By analyzing existing cross correlation between AGE Old and MAIA Biotechnology, you can compare the effects of market volatilities on AGE Old and MAIA Biotechnology and check how they will diversify away market risk if combined in the same portfolio for a given time horizon. You can also utilize pair trading strategies of matching a long position in AGE Old with a short position of MAIA Biotechnology. Check out your portfolio center. Please also check ongoing floating volatility patterns of AGE Old and MAIA Biotechnology.
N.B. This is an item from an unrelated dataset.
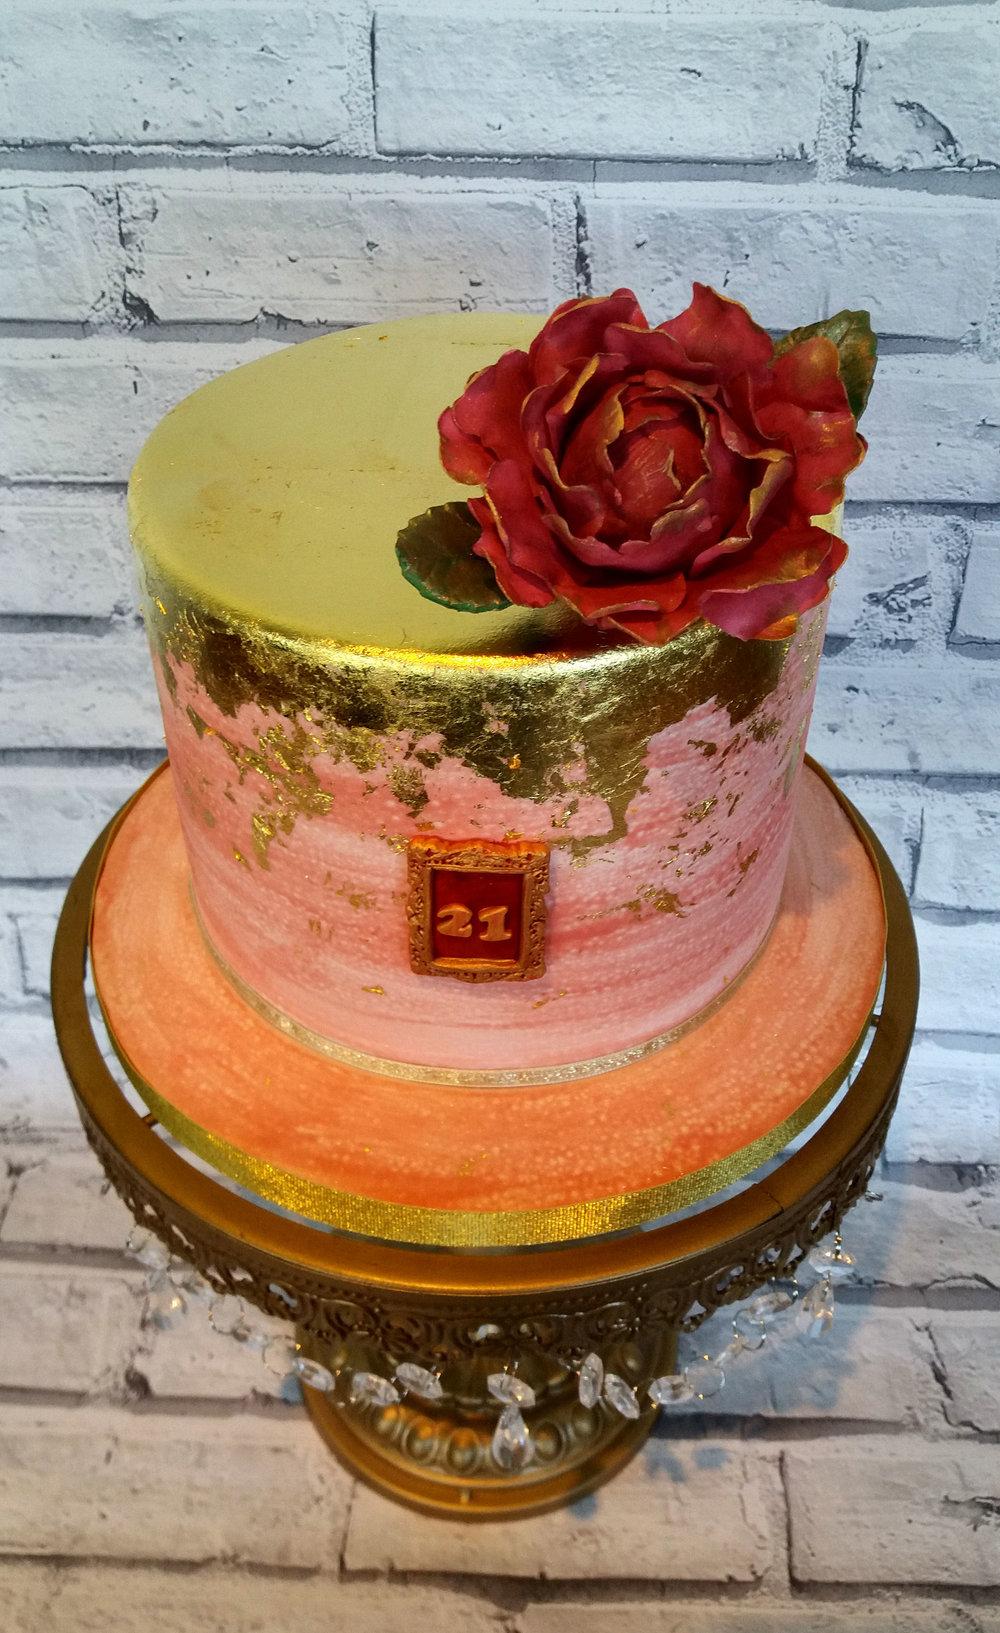 24ct gold cake 2.jpg

Diversification Opportunities for AGE Old and MAIA Biotechnology

0.0
  Correlation Coefficient

Pay attention - limited upside

The 3 months correlation between AGE and MAIA is 0.0. Overlapping area represents the amount of risk that can be diversified away by holding AGE Old and MAIA Biotechnology in the same portfolio, assuming nothing else is changed. The correlation between historical prices or returns on MAIA Biotechnology and AGE Old is a relative statistical measure of the degree to which these equity instruments tend to move together. The correlation coefficient measures the extent to which returns on AGE Old are associated (or correlated) with MAIA Biotechnology. Values of the correlation coefficient range from -1 to +1, where. The correlation of zero (0) is possible when the price movement of MAIA Biotechnology has no effect on the direction of AGE Old i.e., AGE Old and MAIA Biotechnology go up and down completely randomly.
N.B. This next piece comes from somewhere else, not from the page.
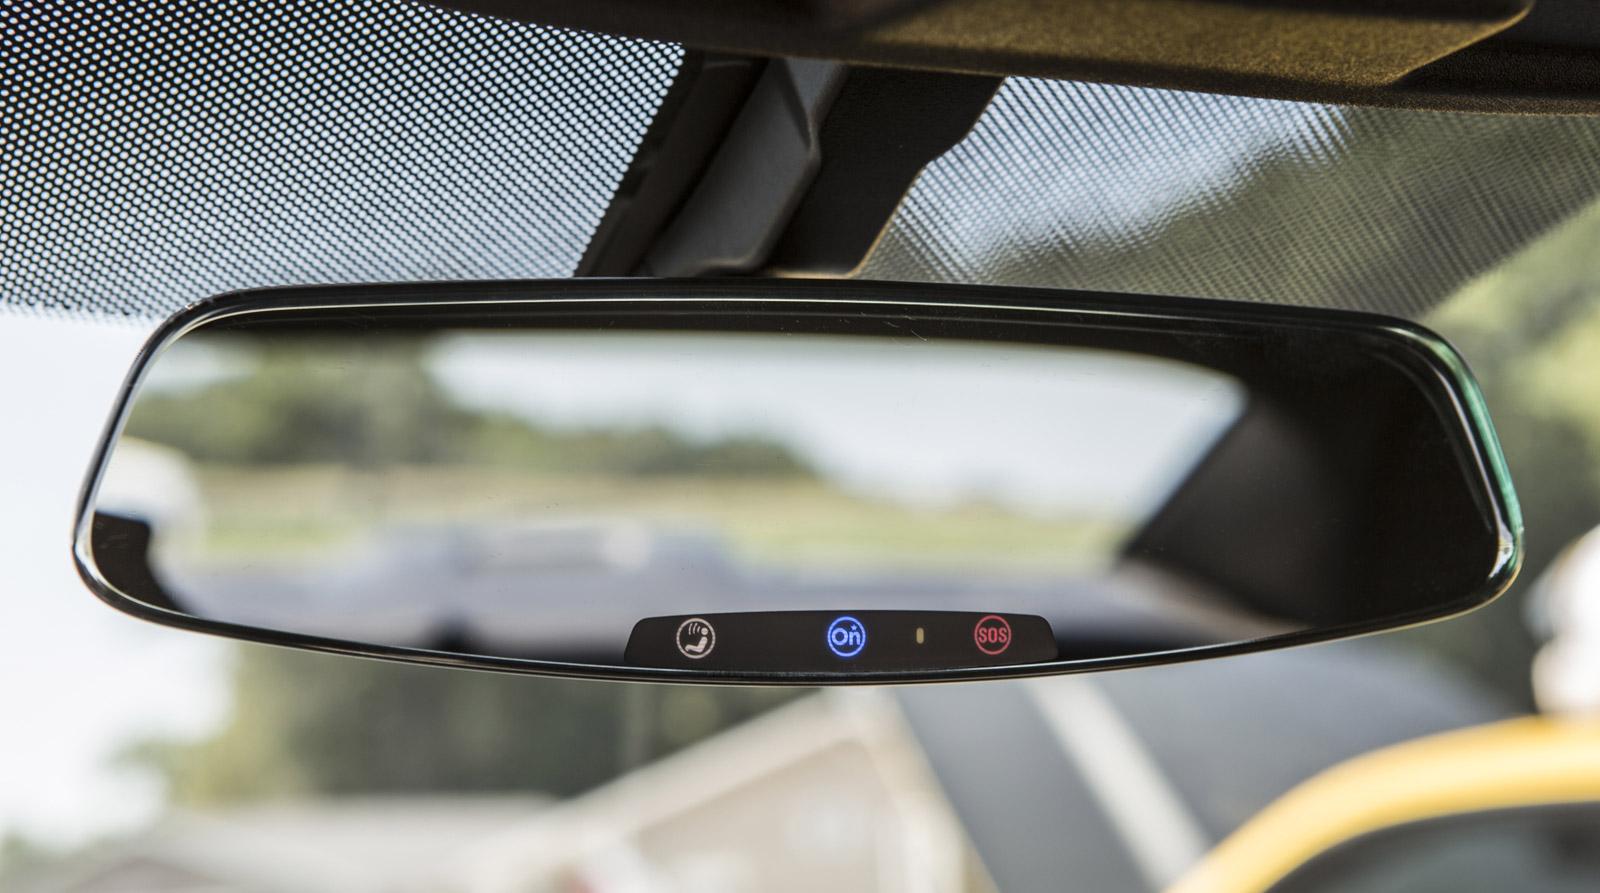 onstar wiring diagram dodge ram 1500 serpentine belt 2013 chevy camaro gets frameless rear-view mirror in revamp

Pair Corralation between AGE Old and MAIA Biotechnology

If you would invest (100.00) in AGE Old on December 17, 2024 and sell it today you would earn a total of  100.00  from holding AGE Old or generate -100.0% return on investment over 90 days.
Time Period3 Months [change]
DirectionFlat 
StrengthInsignificant
Accuracy0.0%
ValuesDaily Returns

AGE Old  vs.  MAIA Biotechnology

 Performance 
       Timeline  
AGE Old 

Risk-Adjusted Performance

Very Weak

 
Weak
 
Strong
Over the last 90 days AGE Old has generated negative risk-adjusted returns adding no value to investors with long positions. In spite of rather sound technical and fundamental indicators, AGE Old is not utilizing all of its potentials. The current stock price tumult, may contribute to shorter-term losses for the shareholders.
MAIA Biotechnology 

Risk-Adjusted Performance

Very Weak

 
Weak
 
Strong
Over the last 90 days MAIA Biotechnology has generated negative risk-adjusted returns adding no value to investors with long positions. Despite weak performance in the last few months, the Stock's forward indicators remain somewhat strong which may send shares a bit higher in April 2025. The current disturbance may also be a sign of long term up-swing for the company investors.

AGE Old and MAIA Biotechnology Volatility Contrast

   Predicted Return Density   
       Returns  

Pair Trading with AGE Old and MAIA Biotechnology

The main advantage of trading using opposite AGE Old and MAIA Biotechnology positions is that it hedges away some unsystematic risk. Because of two separate transactions, even if AGE Old position performs unexpectedly, MAIA Biotechnology can make up some of the losses. Pair trading also minimizes risk from directional movements in the market. For example, if an entire industry or sector drops because of unexpected headlines, the short position in MAIA Biotechnology will offset losses from the drop in MAIA Biotechnology's long position.
The idea behind AGE Old and MAIA Biotechnology pairs trading is to make the combined position market-neutral, meaning the overall market's direction will not affect its win or loss (or potential downside or upside). This can be achieved by designing a pairs trade with two highly correlated stocks or equities that operate in a similar space or sector, making it possible to obtain profits through simple and relatively low-risk investment.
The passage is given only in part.